Task requirements =>
Your task is to copy the data exactly while leaving out every picture.

Information provided =>

BEGIN

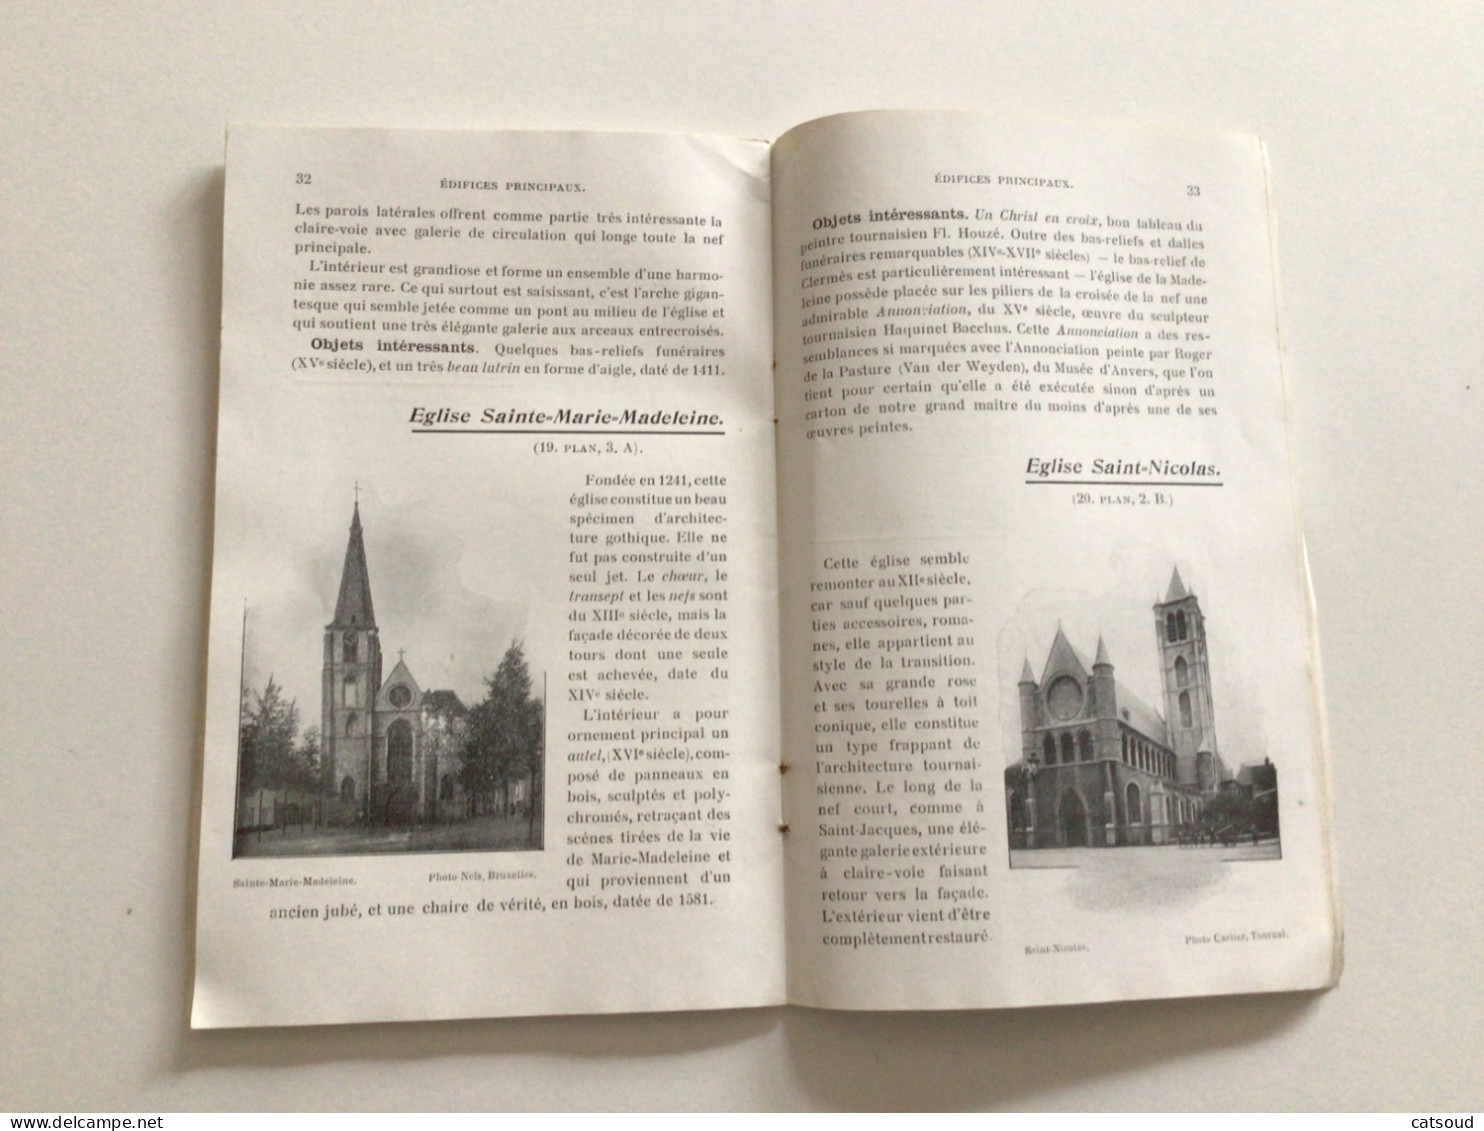 Ancien Livret (1910) Tournai Ville D’Art Imprimé Par Les Établissements Casterman S.A. , Imprimeurs De La Ville - Tourism
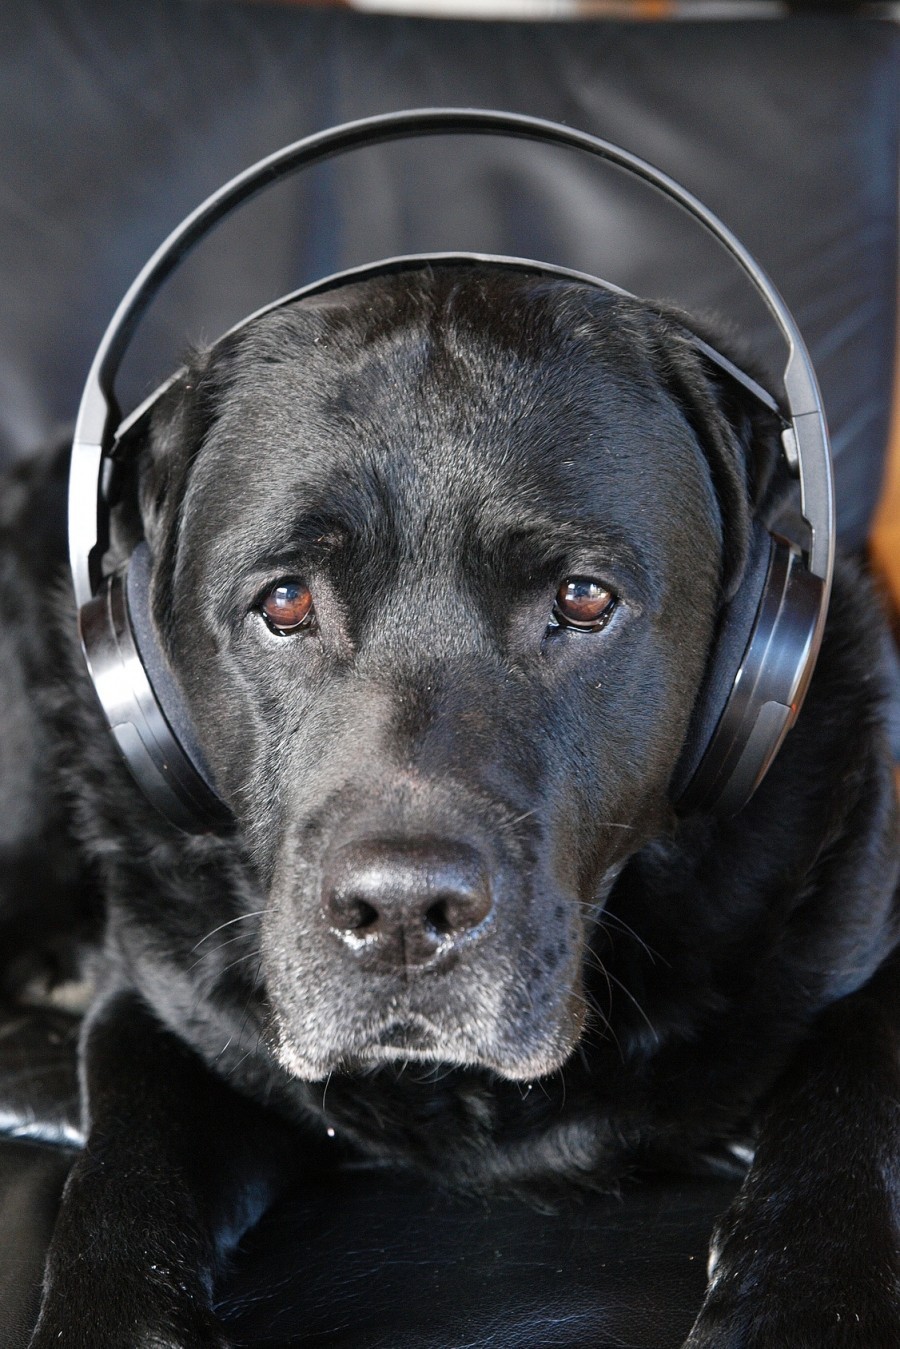 Silvester bedeutet für viele Hunde Stress, weil sie auf den teilweise enormen Lärmpegel mit lautem Heulen usw. reagieren. Wie kann man Hunde vorbereiten?
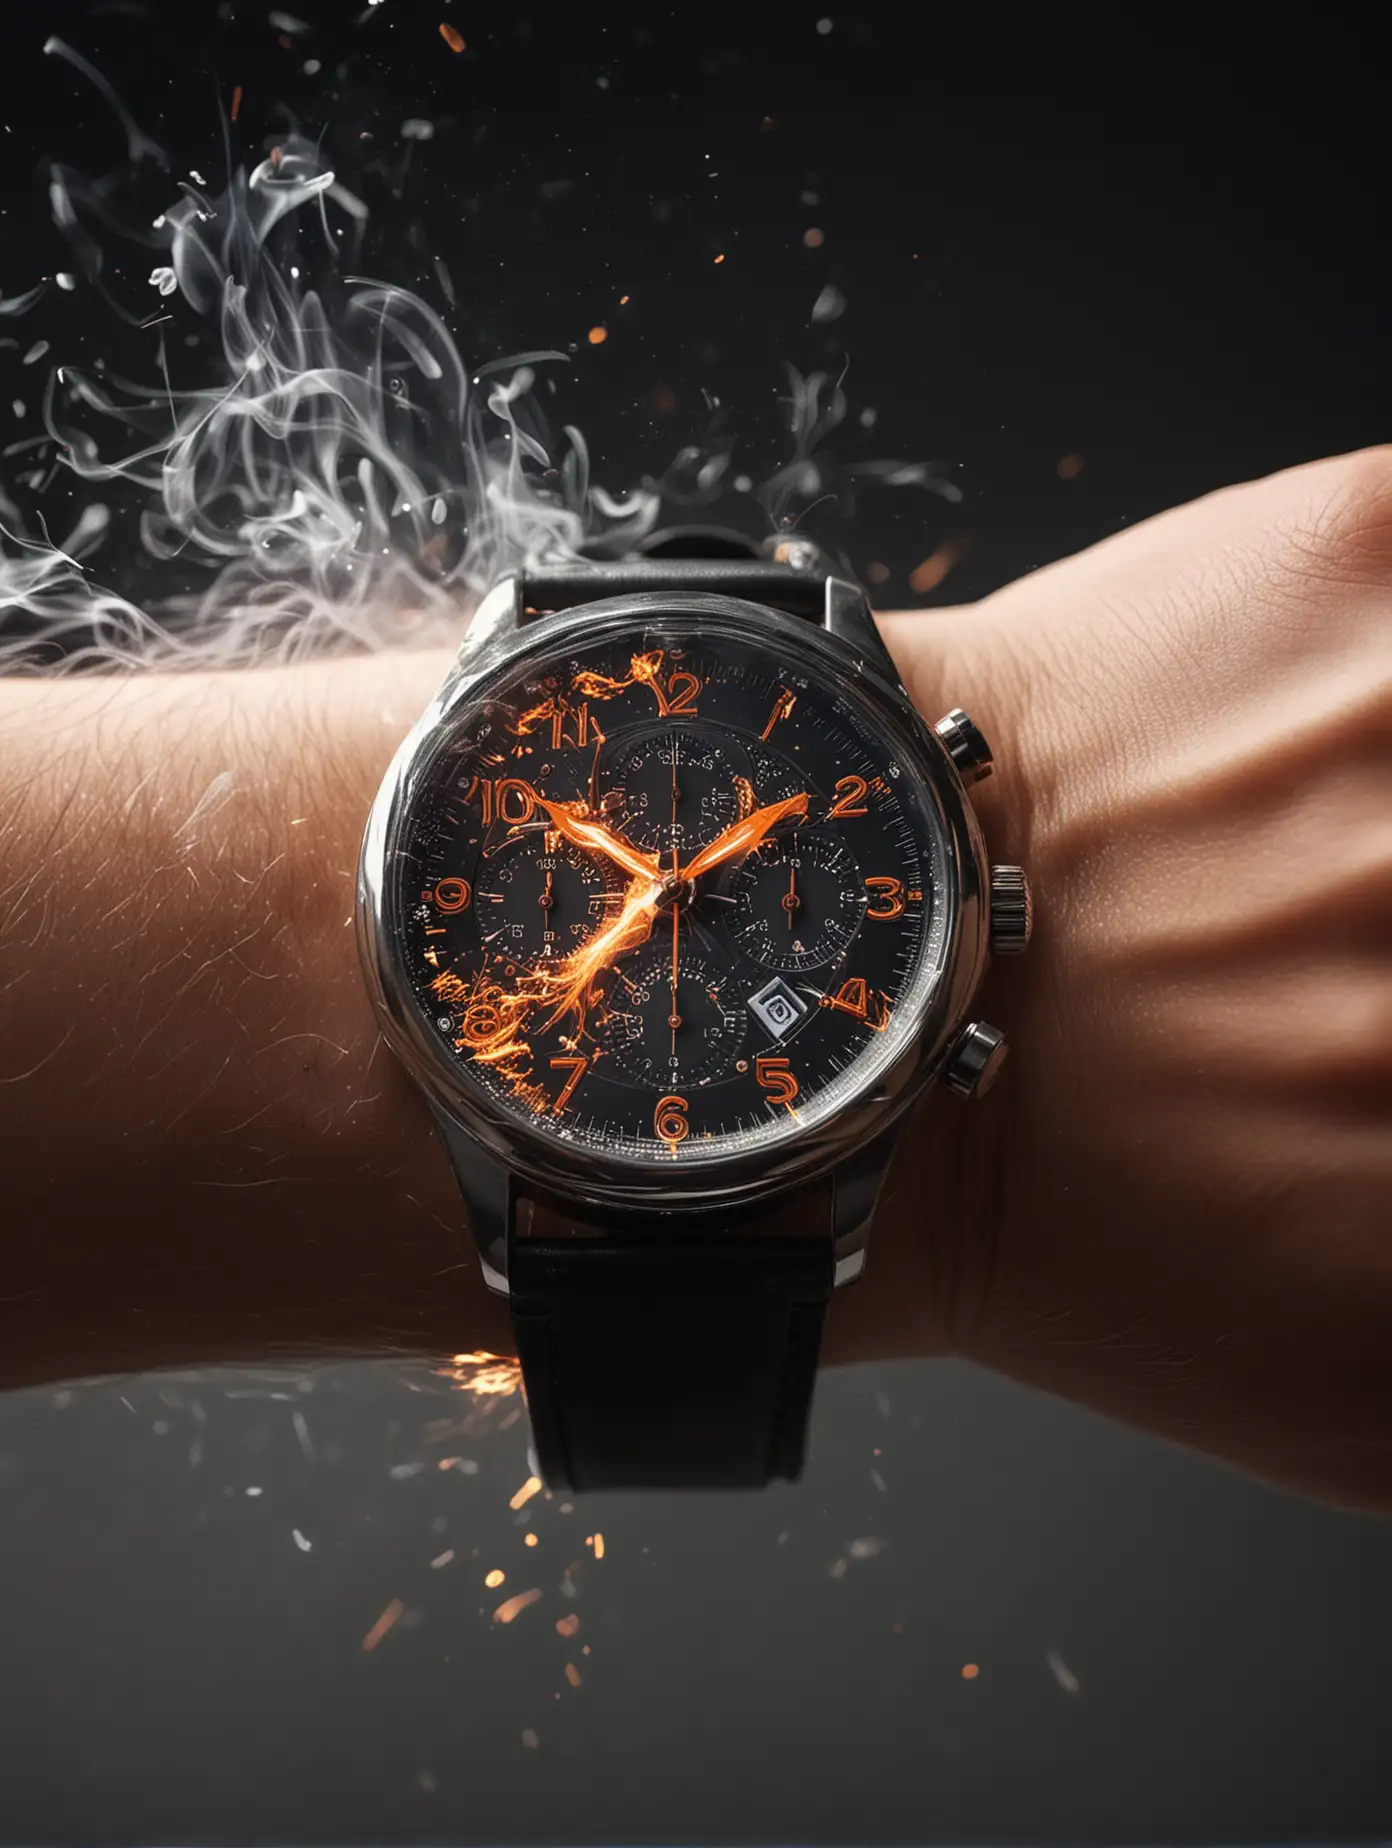 Dynamic Wrist Watch with Sparks and Smoke

END

Answer below =>
 Ancien Livret (1910) Tournai Ville D’Art Imprimé Par Les Établissements Casterman S.A. , Imprimeurs De La Ville - Tourism
 Silvester bedeutet für viele Hunde Stress, weil sie auf den teilweise enormen Lärmpegel mit lautem Heulen usw. reagieren. Wie kann man Hunde vorbereiten?
 Dynamic Wrist Watch with Sparks and Smoke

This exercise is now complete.